The numbers of temporary foreign workers have gone up radically since 2005, from 141,000 to 338,000 in 2012. This program, abused this way, has been costly to employers, to workers, to the temporary foreign workers themselves and to the Canadian unemployed. The bottom line is that the businesses that need these workers pay as well.
To give an example of this ballooning, I have gone to the C.D. Howe Institute report, which is also highly critical of this program for having actually driven up unemployment in my province of British Columbia. According to the C.D. Howe report, unemployment in British Columbia has been driven up by more than 4% based on the flood of temporary foreign workers taking jobs that Canadians would otherwise have taken.
This is the example in the C.D. Howe Institute report. In the pilot project for occupations requiring lower levels of formal training, in British Columbia and Alberta the number in 2005 of those workers was 2,041, but by 2008 it had ballooned to 56,540 workers. Clearly, this has been a program completely out of control. Those were for lower skilled people requiring lower levels of training. Therefore, this program has gone off the rails.

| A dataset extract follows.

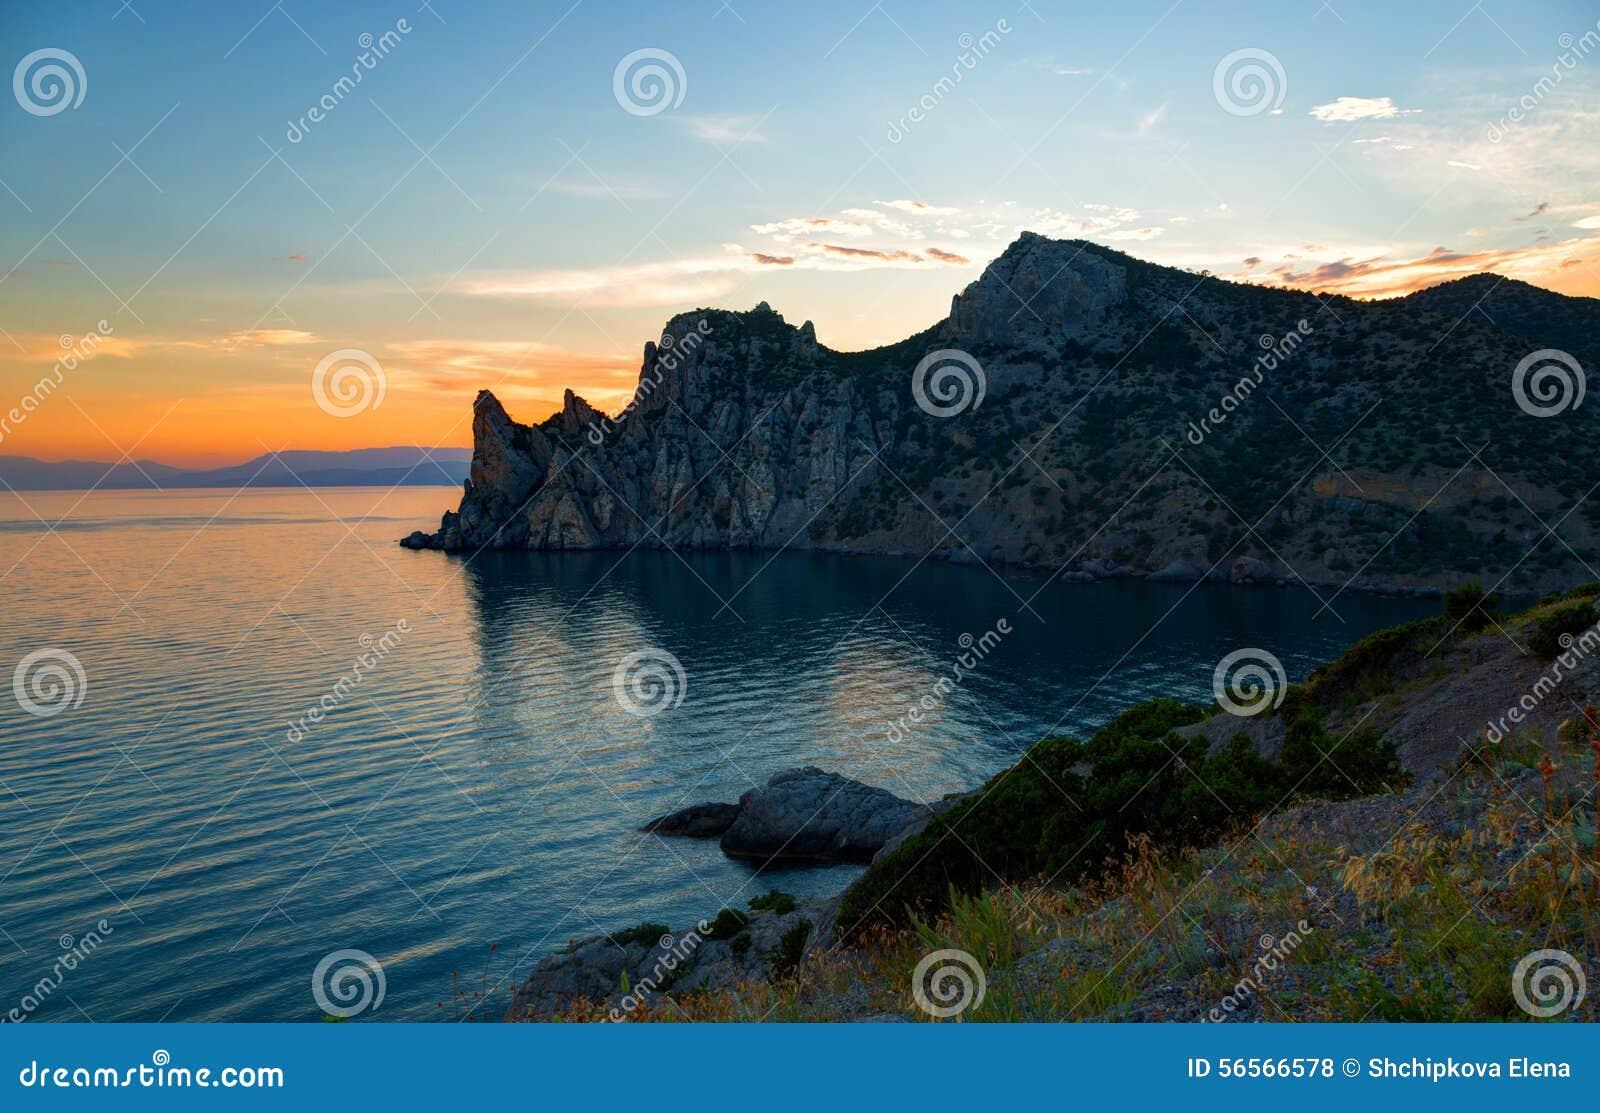 Download Κριμαία στοκ εικόνες. εικόνα από βράχοι, φύση, βουνά - 56566578

One of the long-term consequences of beginning to replace immigration with temporary foreign workers has been seen in Europe in the years after the guest worker program in Germany, a program that was started because the unemployment rate was very low. However, with the flood of temporary workers beginning to create a two-tier worker system in Germany, that led to other problems, such as entrepreneurs and small businesses being driven out of business because of the competition from lower-priced workers in the temporary worker program and also pressures on social services. Therefore, countries like Germany reversed course and went back toward the kind of targeted, high-skilled workers or a very carefully managed program, like we used to have in Canada and no longer have.
There are many examples, and others have given some, of the kind of abuses of this program, whether it is HD Mining Limited in British Columbia, which required Mandarin as a condition for work and when it was not fulfilled by local very capable miners, temporary foreign workers were brought in to fill those jobs, or a number of other instances. This is simply unacceptable, driving unemployment up and based on faulty information statistically.

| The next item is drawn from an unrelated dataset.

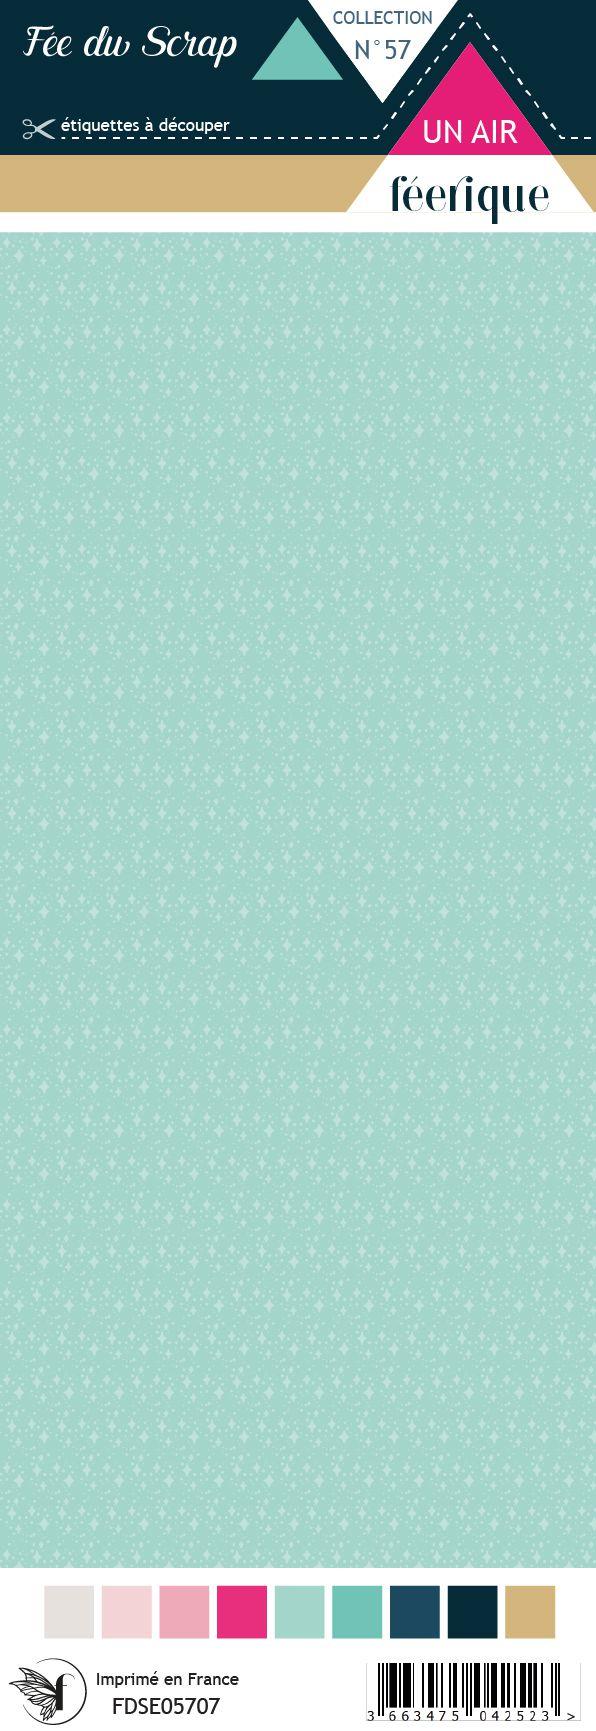 Etiquette un air féérique - Fond turquoise

The cost to the businesses now is that the allegations of abuse have led to some blanket moratorium by the minister to bring a sledgehammer to this problem, which should have been fixed before, could have been fixed before and was just ignored. Of course, that costs the employers and the businesses that really need these temporary foreign workers.
That is not to speak of the impact of this moratorium on the foreign workers themselves right now. For people who are already in Canada, who are in these jobs and are trying to renew their permits, suddenly there is a great deal of uncertainty. It is creating some chaos in the industry.
All of this was unnecessary had the government listened to the Liberals a year ago when we called for a review of this program. The government has known about the program, because its own reports and HRDC have pointed it out. Therefore, it is now time to no longer procrastinate, support the Liberal Party motion, bring in the Auditor General to review the program, make the other improvements and restore it to the program it used to be and can once again be.